We need more movies like “Top Gun: Maverick”

Arda Inegol, Web Editor

Pete “Maverick” Mitchell (Tom Cruise) attempts to escape the bombarded plant through a huge G-drop from a mountain. (Paramount Pictures)

Exactly 36 years after the release of its predecessor, “Top Gun,” which many consider a classic today, “Top Gun: Maverick” finally hit theaters after a two-year delay. Thrilling from start to finish, this blockbuster arrived on the big screen on Memorial Day weekend, and fans were thrilled to ‌see this highly-anticipated movie. After many superhero movies overwhelmed by aliens and space gloves, it was a breath of fresh air to see an old-fashioned blockbuster made with simplicity and good screenwriting. “Maverick” has grossed almost $1.4 billion at the box office, and that’s because, frankly, it’s better than the original.

After hearing that Paramount was making a sequel to “Top Gun,” I was not sure if they could successfully build on a classic from more than 35 years ago. Nonetheless, just after seeing the first trailer’s electrifying dogfight scenes, I knew I would be in for a treat.

As the box office numbers prove, Tom Cruise, who returns as Pete “Maverick” Mitchell, is undisputedly one of the most successful and groundbreaking actors of all time. His resume speaks for itself — the “Mission: Impossible” franchise, “Risky Business,” “The Last Samurai” and “Edge of Tomorrow” — and proves his ability to create consistent box-office hits. In the case of “Top Gun: Maverick,” Cruise slides smoothly back into the starring role, almost like it was yesterday that he vied with Iceman and buried Goose. Just like in the original, Cruise performs his own stunts and his dedication to fly an actual plane at the end of the film furthers the movie’s realism and excites its viewers.

Although Cruise’s acting is superb, the film has great performances all around. Penny, played by Jennifer Connelly, is Maverick’s newest love interest. She is supportive, understanding and, at times, hilarious, making the movie more heartfelt and fun. Granted, the performance that stands out the most is delivered by Miles Teller as Bradley “Rooster” Bradshaw. Rooster and Maverick’s relationship cleverly avoids the stereotypical brotherly wingman bond; initially, Rooster despises Maverick for pulling his papers from the Top Gun Academy. But of course, by the end of the film, Cruise and Teller comfortably form a father-son relationship. The bond Cruise and Teller develop on screen doesn’t feel cliché, it feels real — an effect that only a few movies successfully pull off.

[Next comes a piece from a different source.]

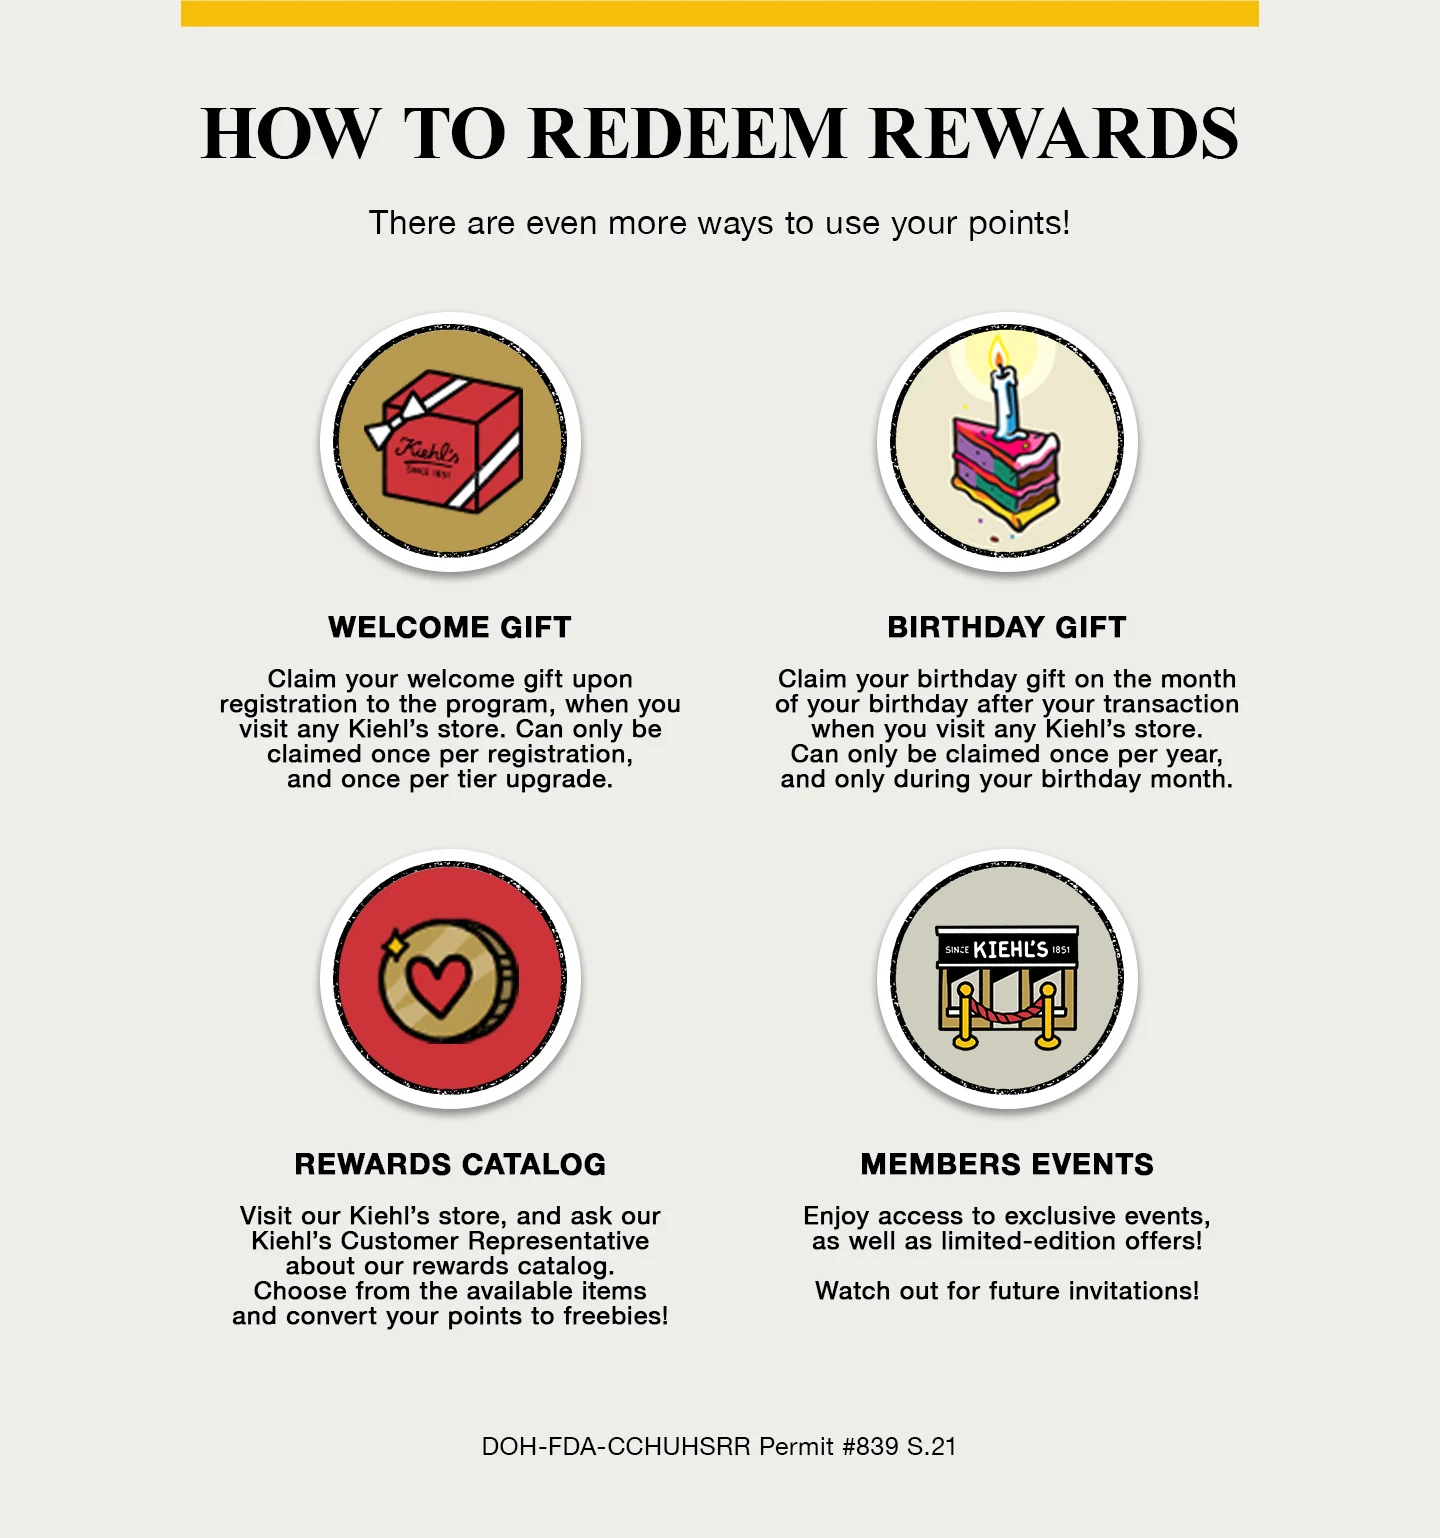 Redeeming Kiehl's loyalty reward

Maverick (Tom Cruise) and Penny (Jennifer Connelly) ride a motorcycle through the roads of Southern California. (Paramount Pictures)

Director Joseph Kosinski’s sparing use of computer-generated imagery (CGI) sets “Maverick” apart from other modern action movies. In the movie, the actors fly actual planes and perform real stunts, conveying a unique sense of realism and emotionally immersing viewers. Towards the end of the film, Maverick and Rooster hug each other with a sense of compassion, and the warmth of the scene permeates the theater. Kosinski flourishes where most modern films struggle; the moment feels perfectly natural. The film’s elegance lies in its simplicity and relatability: “Maverick” is a welcome reminder that thoughtful acting and writing  — not technology — can turn our seats into fighter jet cockpits.